» **Task**
From the line containing "Logistics Plus on" to the last line of the data, both included, transcribe each line exactly, leaving out pictures and adding nothing.

» **Stored data**
=== Section Start ===
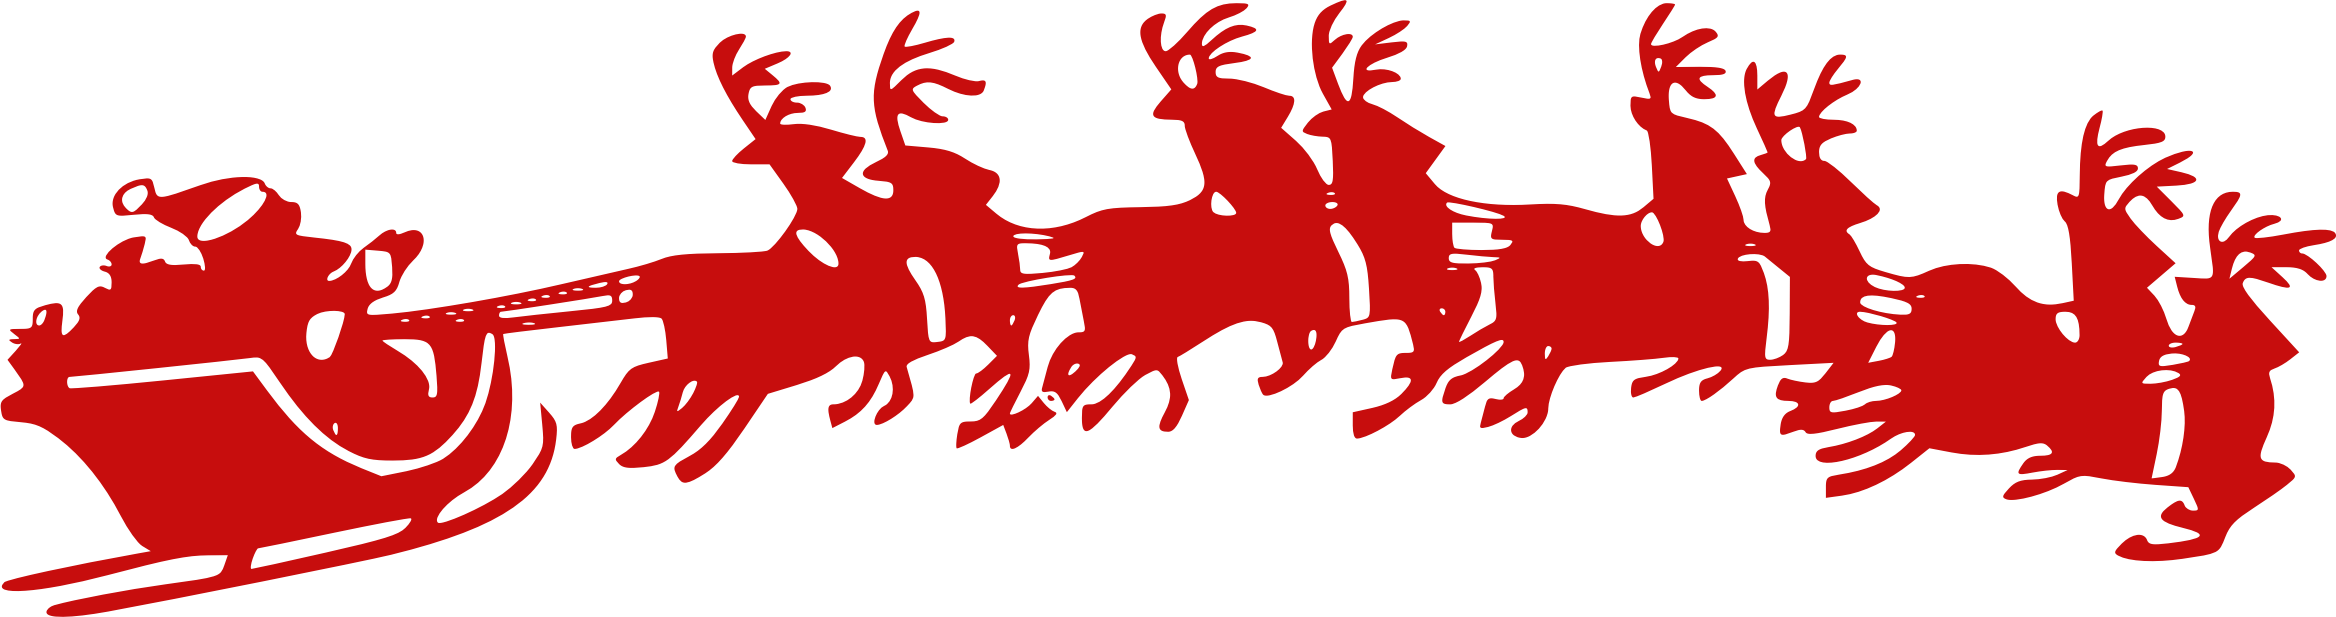 Santa Sleigh PNG Pictures, Santa Sleigh Clipart Free Download 
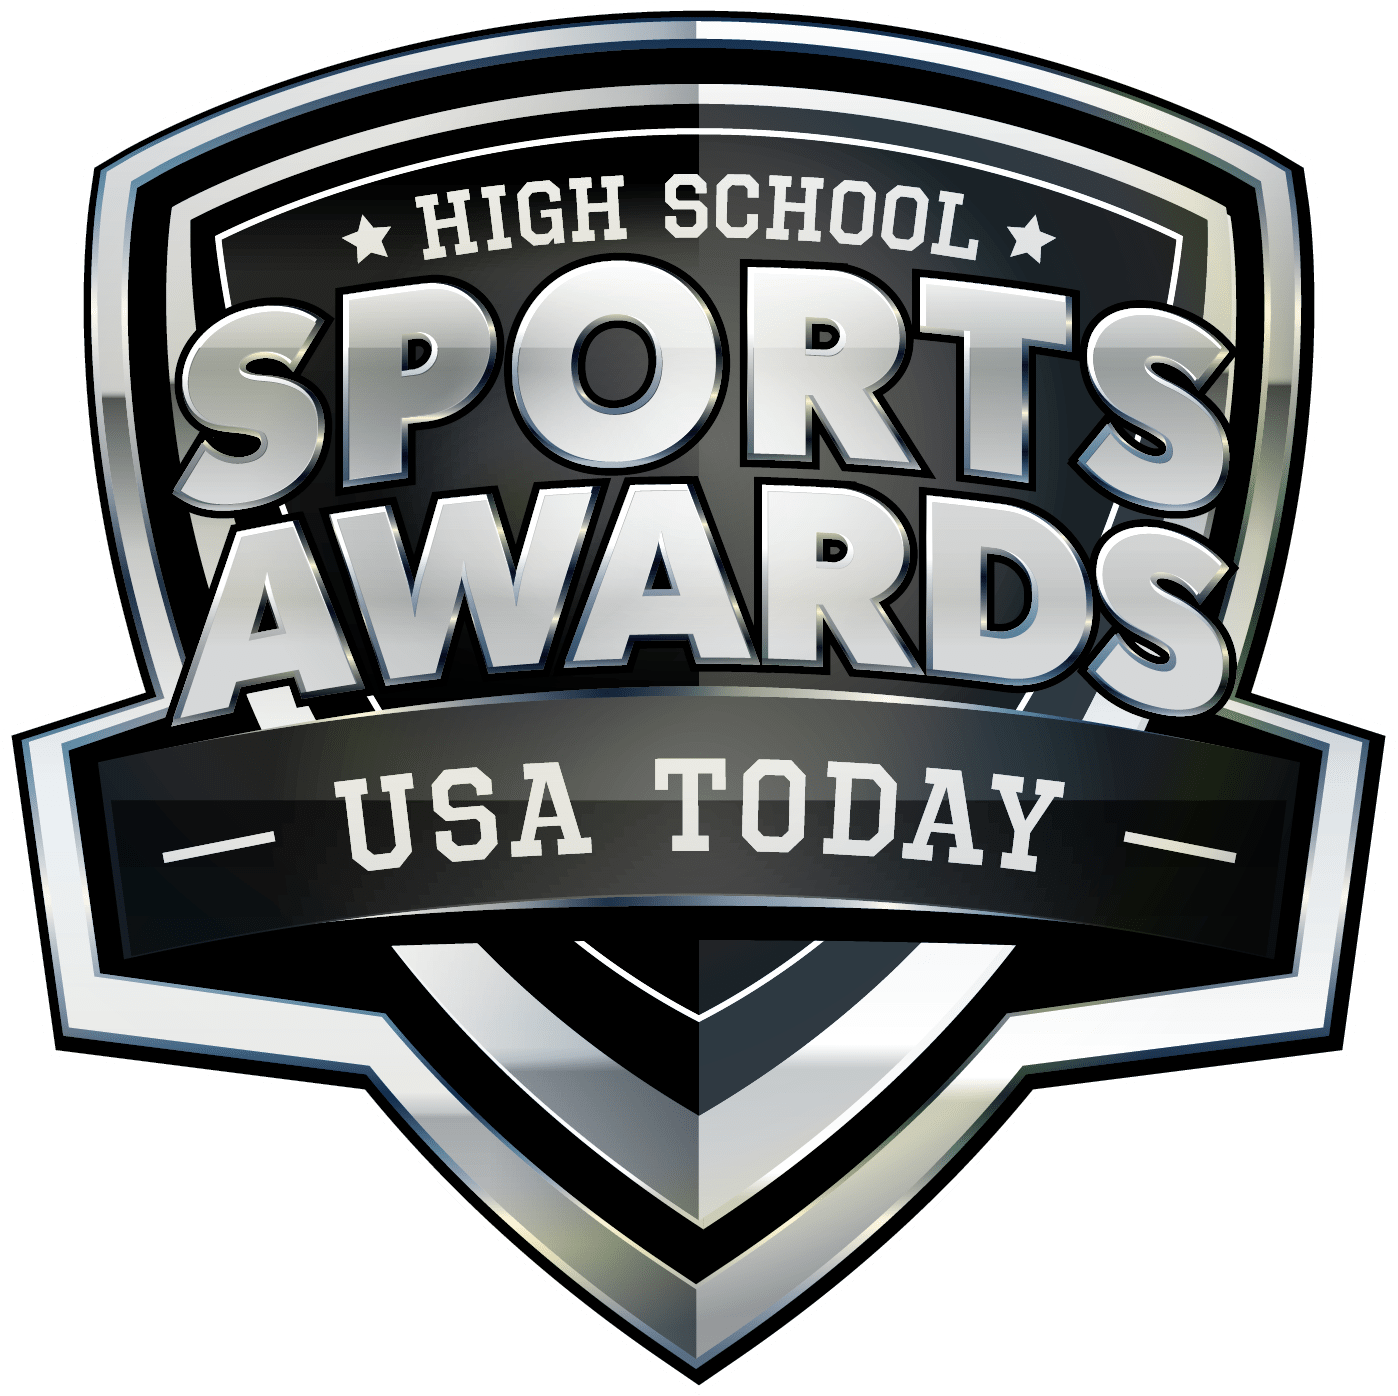 Logistics Plus on the 2021 USA TODAY National High School Sports Awards Show
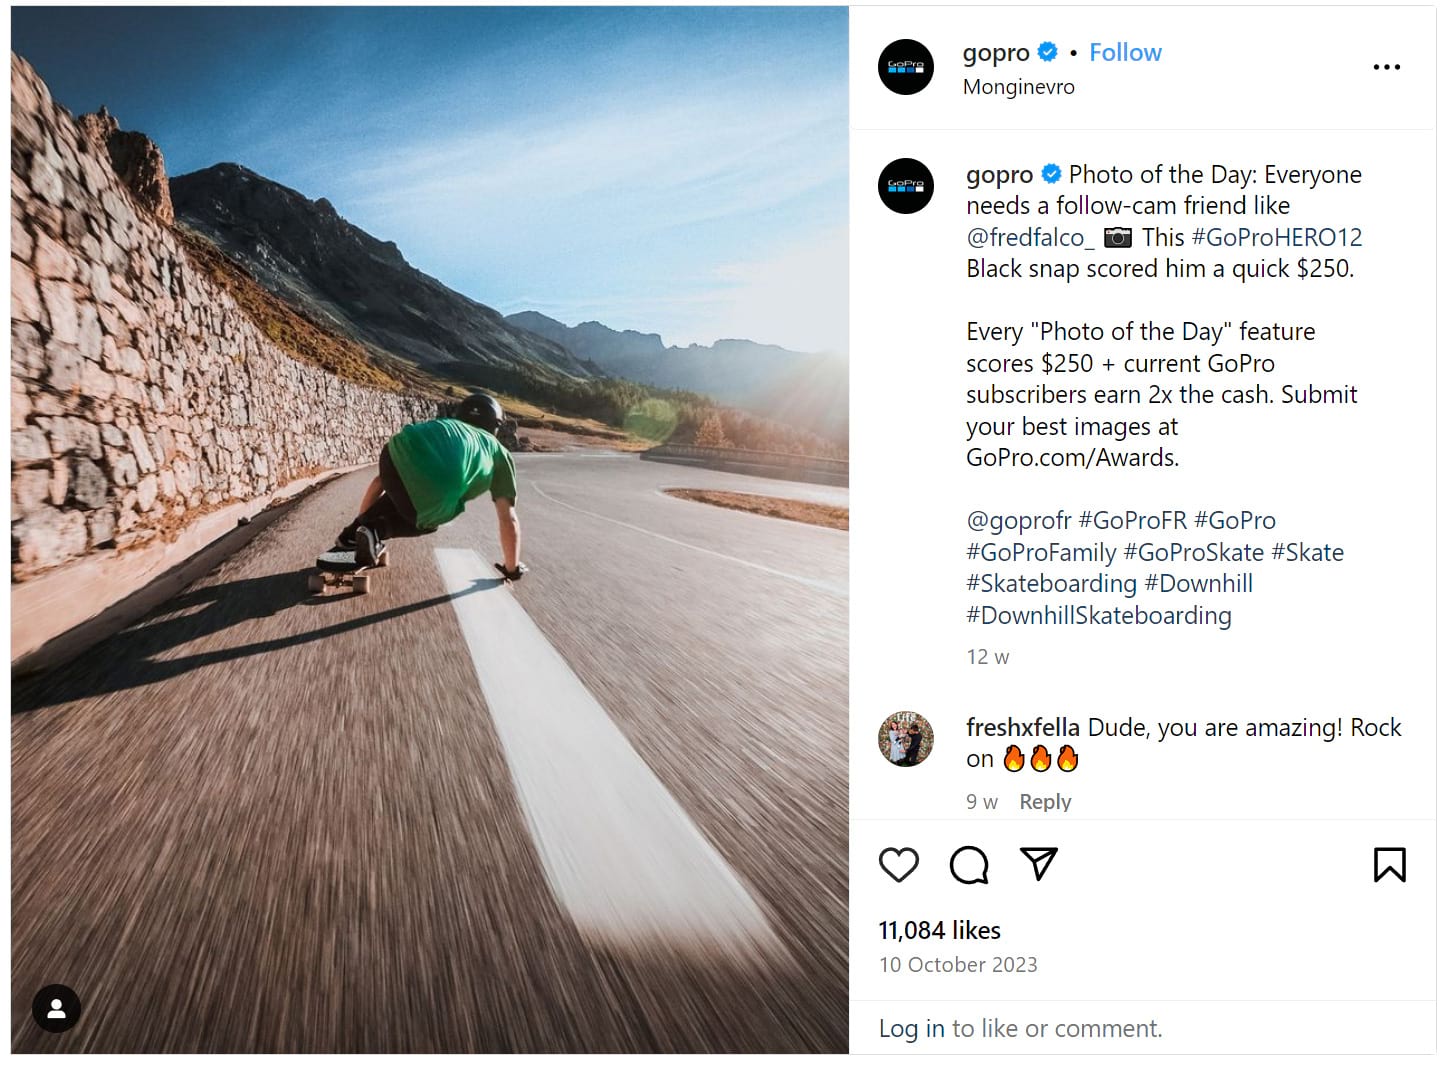 GoPro's station  connected  Instagram with user-generated image
=== Section End ===
» **Exercise response**
 Logistics Plus on the 2021 USA TODAY National High School Sports Awards Show
 GoPro's station  connected  Instagram with user-generated image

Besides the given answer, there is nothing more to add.